Дени Дидро - Длугач Тамара Борисовна. Страница 34
Наш друг г-жа де Мо писала мне в это самое время по поводу аббата, что «миг спокойствия лучше, чем вечность славы, и что, если бы ее внукам угрожала опасность быть великими людьми, она каждое утро секла бы их у подножия алтаря славы». Вместо того чтобы внушить им отвращение к славе, она, может быть, научила бы их только тому, что славы нельзя добиться без опасности и без наказания; возможно также, ее мучительный урок имел бы удачный результат, задуманный ею. Следствие вашей жалкой и пошлой дилеммы и ее удивительного воспитания — это угасание племени великих людей; это внушение презрения к тем из наших сограждан, враги которых всегда обитали в храмах, дворцах, судах — трех логовах, из которых вышли беды нашего общества. О, полезная и удобная доктрина для притеснителей! В первый миг веселья я пошлю нашему другу огромную благодарность от имени всех негодяев мира.

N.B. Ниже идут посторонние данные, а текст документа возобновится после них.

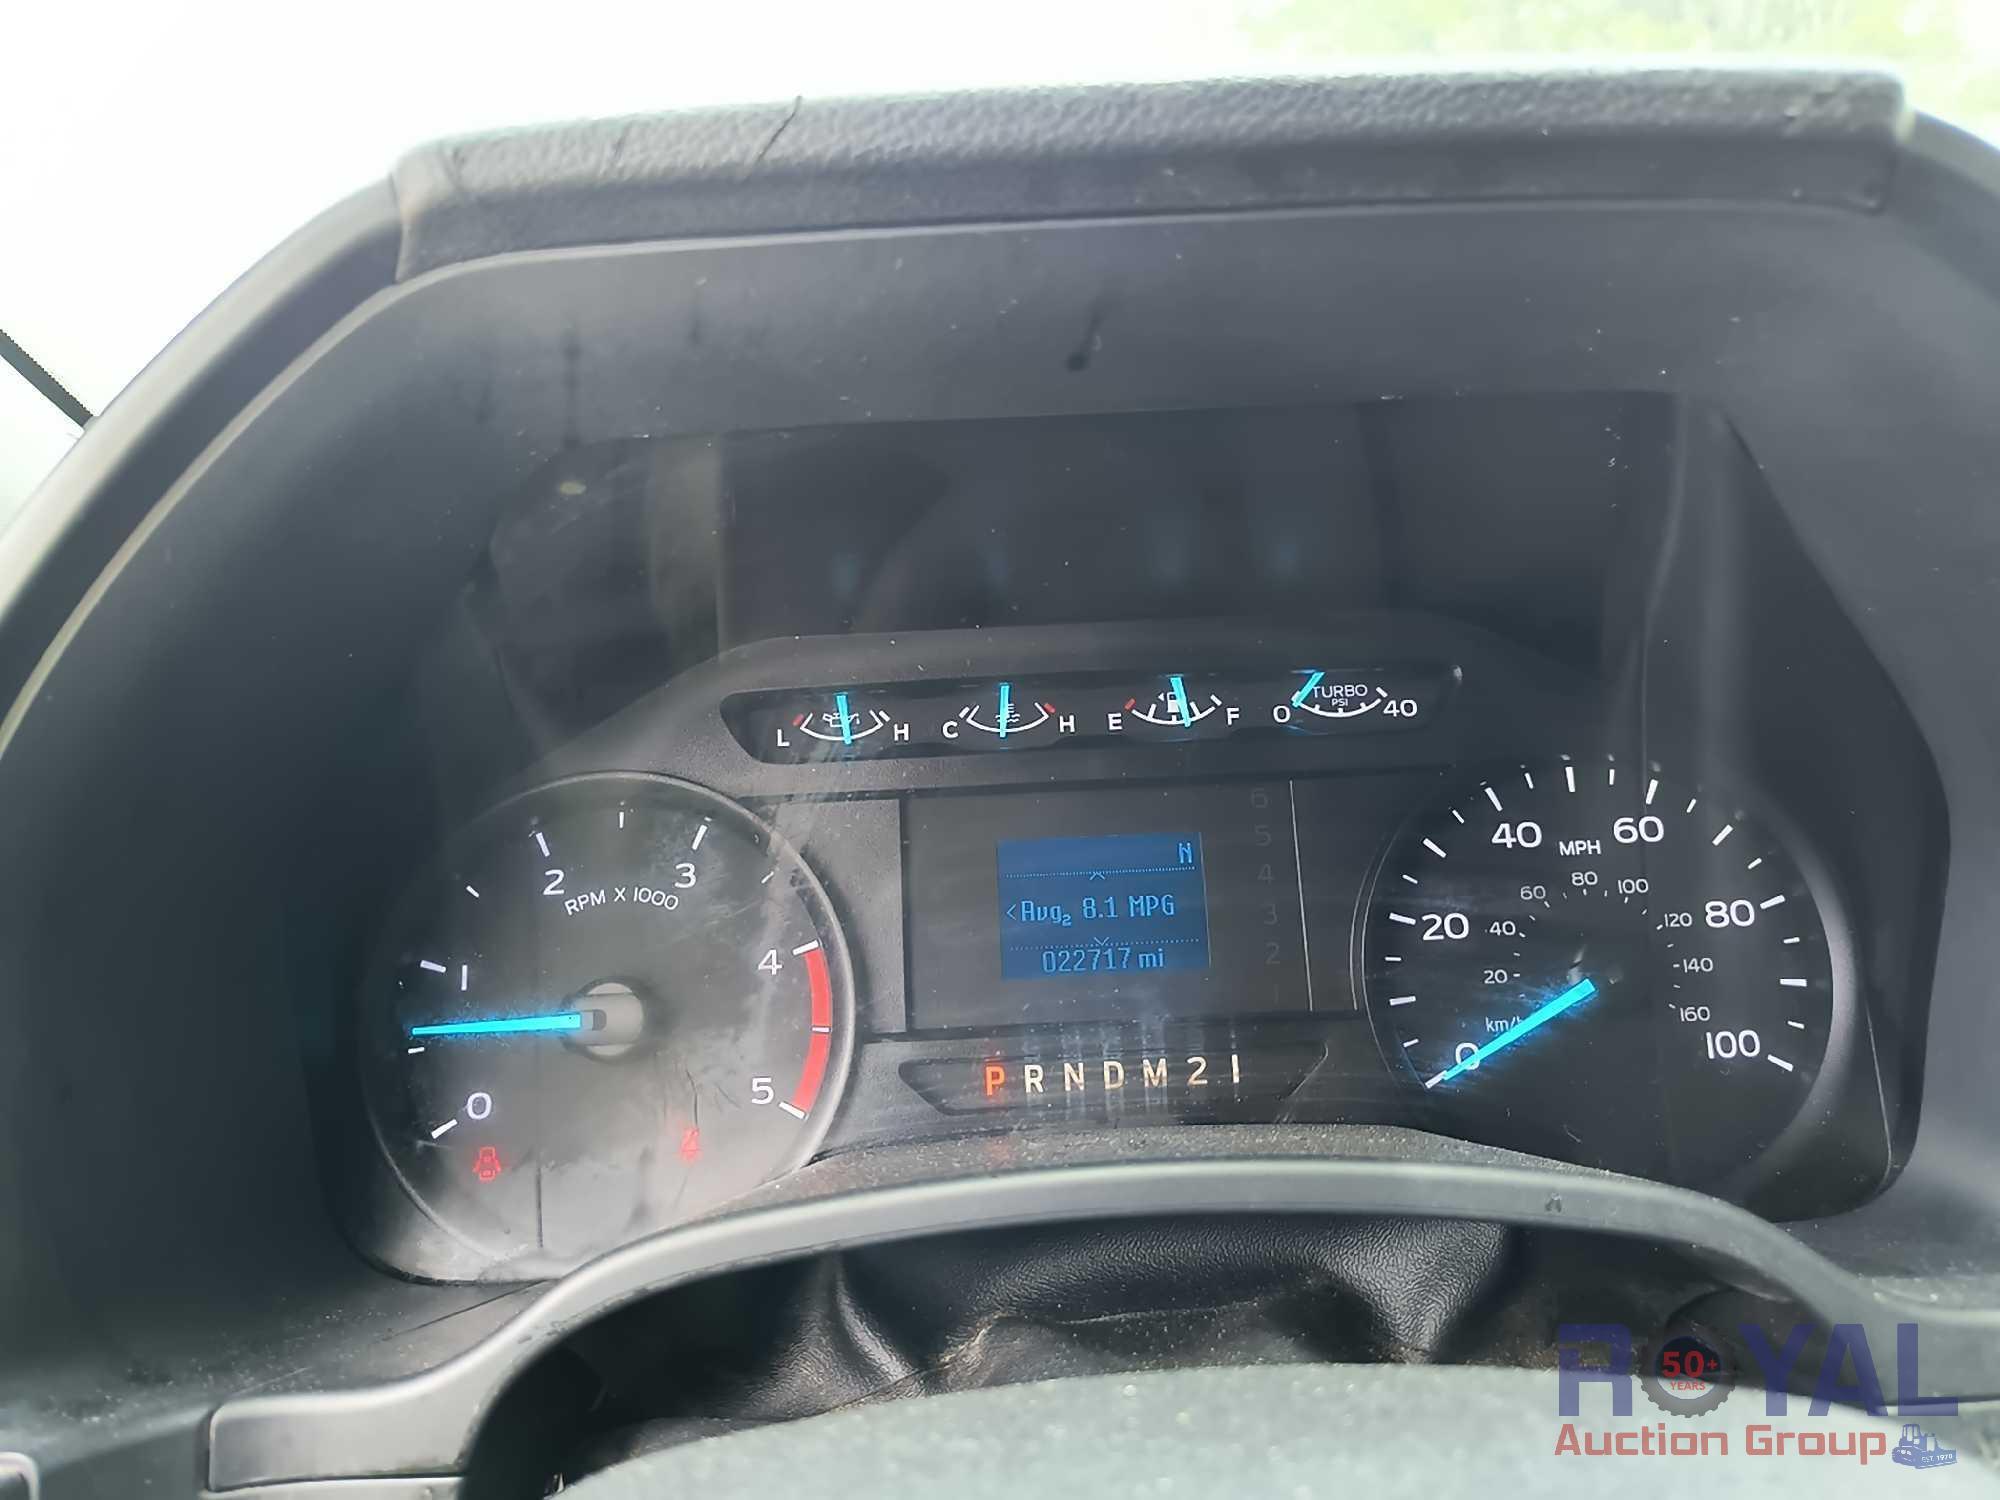 2019 Ford F-550 Gooseneck Hauler Flatbed Truck

Если вы искренни, мне вас жаль. Я пожалел бы вас гораздо больше, если бы вы не были искренни. Я предпочитаю, чтобы вы были плохим логиком, а не лицемером. Лицемер вы или плохой логик, я ручаюсь, что вы не опубликуете эту дилемму, которую вы мне высказали с таким [высокомерием]. Но если нужно обратиться за советом к терпению или злопамятству его противника, то можно ли найти предмет достаточно пустячный, чтобы высказываться о нем без трусости или безумия?

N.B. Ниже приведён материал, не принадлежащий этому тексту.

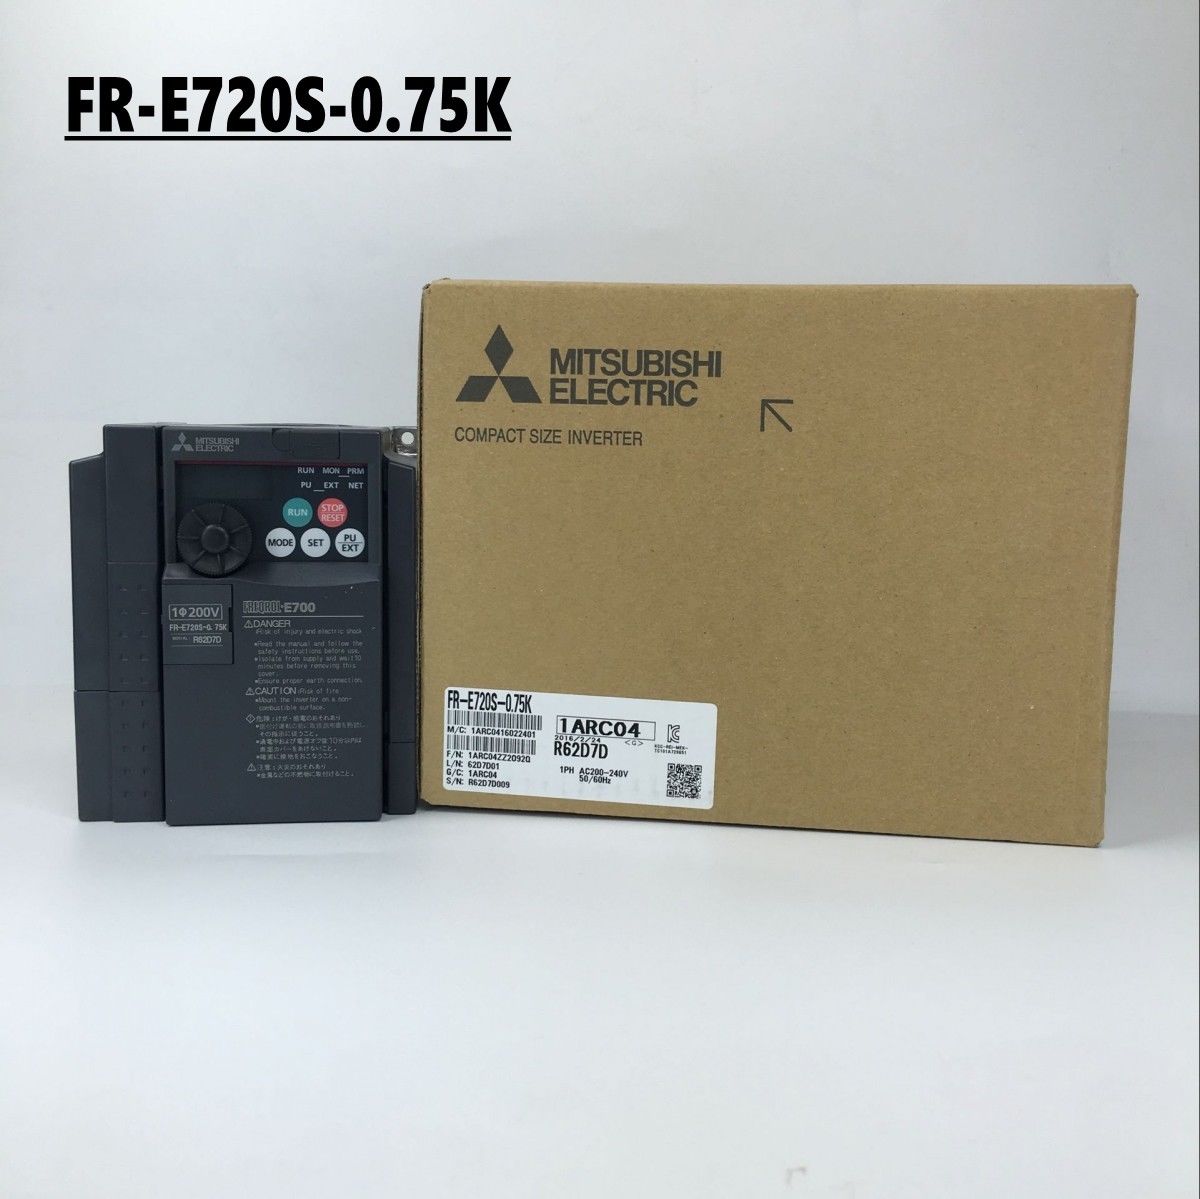 New MITSUBISHI FR-E700 SERIES inverter FR-E720S-0.75K 750W

Маленький пророк из Боэмишброды, когда вы говорили о Шассе, что «он жестикулировал и упивался собственными словами до неприличия», или вам нечего было его бояться и вы были очень неблагодарны, очень жестоки, очень трусливы, нападая на него в его положении, высмеивая и изгоняя со сцены человека, который доставлял нам удовольствие и получал наши рукоплескания в течение многих лет и которому старость, отняв у него голос, оставила редкостный талант великого актера; или может случиться, что этот человек, сохранивший на подмостках некоторое достоинство, придет однажды утром (что у него это было задумано, мне известно от него самого, но вам это не известно) просить вас протянуть ему руку помощи или благосклонно принять от его руки хороший удар шпагой прямо в грудь. И вы были достаточно безумны, чтобы вызвать убийство из-за насмешки.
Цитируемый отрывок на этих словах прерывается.